Дёрнулась в сторону, выключая дурацкое видео...
- Да погоди! - Гриша неожиданно молниеносно перехватил моё запястье, выдирая из пальцев телефон. - Чего ты сразу... - он снова нажал на кнопку воспроизведения, удерживая меня на расстоянии вытянутой руки и пялясь в экран. - Или что, не хочешь, чтобы я видел что ли?
До слуха снова долетели пошлые шлепки тел, чей-то неразборчивый голос, стон...
- Отдай, Гриш... - прошептала, заливаясь ядовитой краской стыда. Господи, мне даже там не было так стыдно, как сейчас перед этим соседом-алкашом... - Отдай пожалуйста...
К горлу подступили слёзы, всё высокомерие патокой стекло на асфальт. Руки задрожали, по спине градом покатился пот...
- Сейчас отдам, - Гриша сжал губы в тонкую линию. Быстро и сосредоточенно принялся что-то нажимать на моём экране... Наконец закрыл видео. Отвратительные звуки смолкли... В этой тишине отчётливо пиликнул примитивным звуком другой телефон, на этот раз в кармане Гришиной фуфайки... - На, не ной, - он равнодушно пихнул мне в руки мой мобильник.
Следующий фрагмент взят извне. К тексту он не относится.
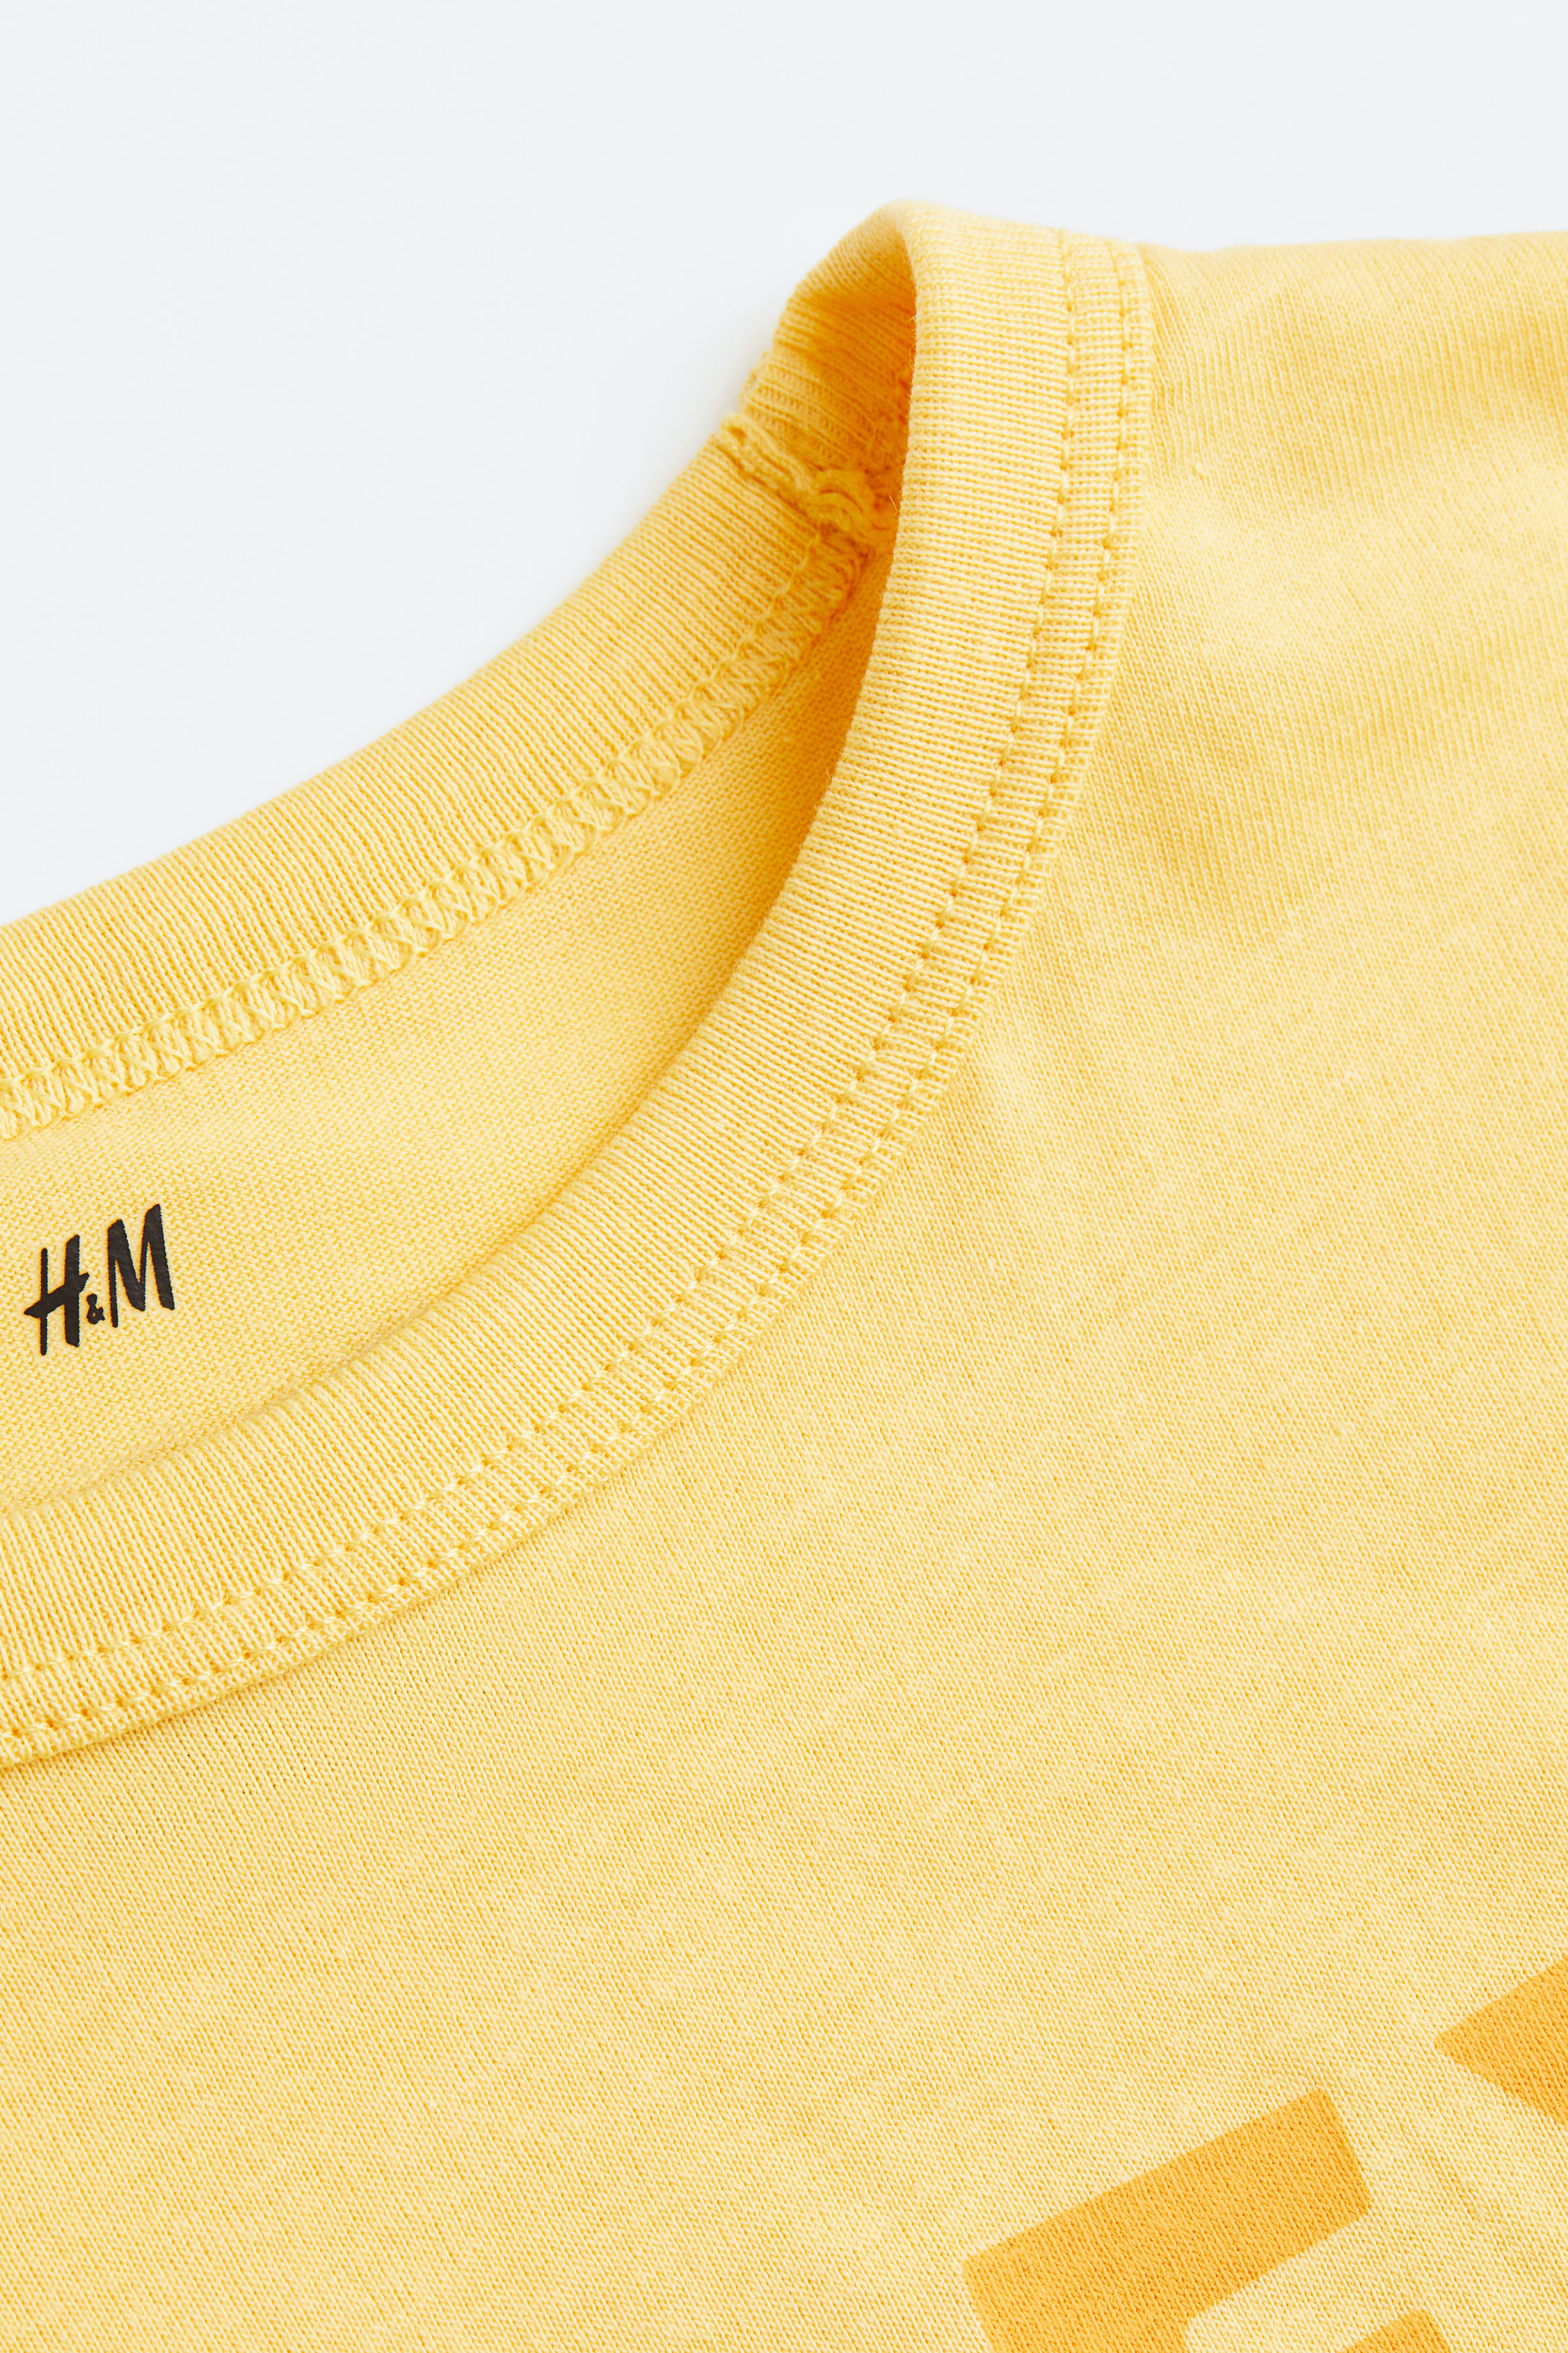 تی شرت پسرانه 22495 سایز 1.5 تا 10 سال کد 1 مارک H&M

- Ты... - я вцепилась в корпус гаджета мёртвой хваткой. - Ты что, переслал это себе? Да?
Гриша не ответил, только поднял на меня свои мутные покрасневшие глаза, но снова отвернулся с таким видом, будто ему западло разговаривать со мной. Пожал плечами, отступая на шаг и давая понять, что он меня больше не задерживает...
- Гриш, удали... - всхлипнула, не желая верить в случившуюся катастрофу. - Удали пожалуйста...
Он кивнул, сцепив зубы.
- Дома посмотрю и удалю, - он склонил голову, изучая меня теперь совсем другим взглядом - пренебрежительным и разочарованным. - Иди, Люд. Тебя вон хахаль заждался.
Открыла рот, но так и не смогла ничего произнести, наблюдая за тем, как Гриша, небрежно махнув рукой в знак прощания, отворачивается и, втянув голову в плечи, тяжёлым шагом идёт в сторону дома, не обращая внимания на окрики собутыльников...
Представилось, как Гриша показывает всем этим алкашам, включая нескольких дам неопределённого возраста с поплывшими лицами, мой ролик, объясняя, что это реальное видео его соседки с верхнего этажа... Как они смотрят бесплатное порно горящими глазами, как делают едкие замечания, бухая свою дешёвую водку...
Нет. Гриша никогда так не поступит. Конечно, он не удалит файл со своего телефона, но оставит его только для себя. Максимум - подрочит ночью, но никому не покажет. Я же всегда была для него недоступной вершиной, до которой он и не мечтал дотянуться... Так ведь?! По крайней мере, раньше...
- Всё хорошо? - на плечо заботливо легла мужская рука, оставшийся в воздухе флёр перегара вытеснил до умопомрачения приятный аромат прохладного парфюма...
- Д-да... - я с трудом отвела взгляд от ставшей почти неразличимой в сумерках мрачной фигуры соседа. - То есть нет.
Я повернулась к Эдуарду лицом. Наверное, впервые посмотрела прямо в глаза, чёрт знает что надеясь там разглядеть...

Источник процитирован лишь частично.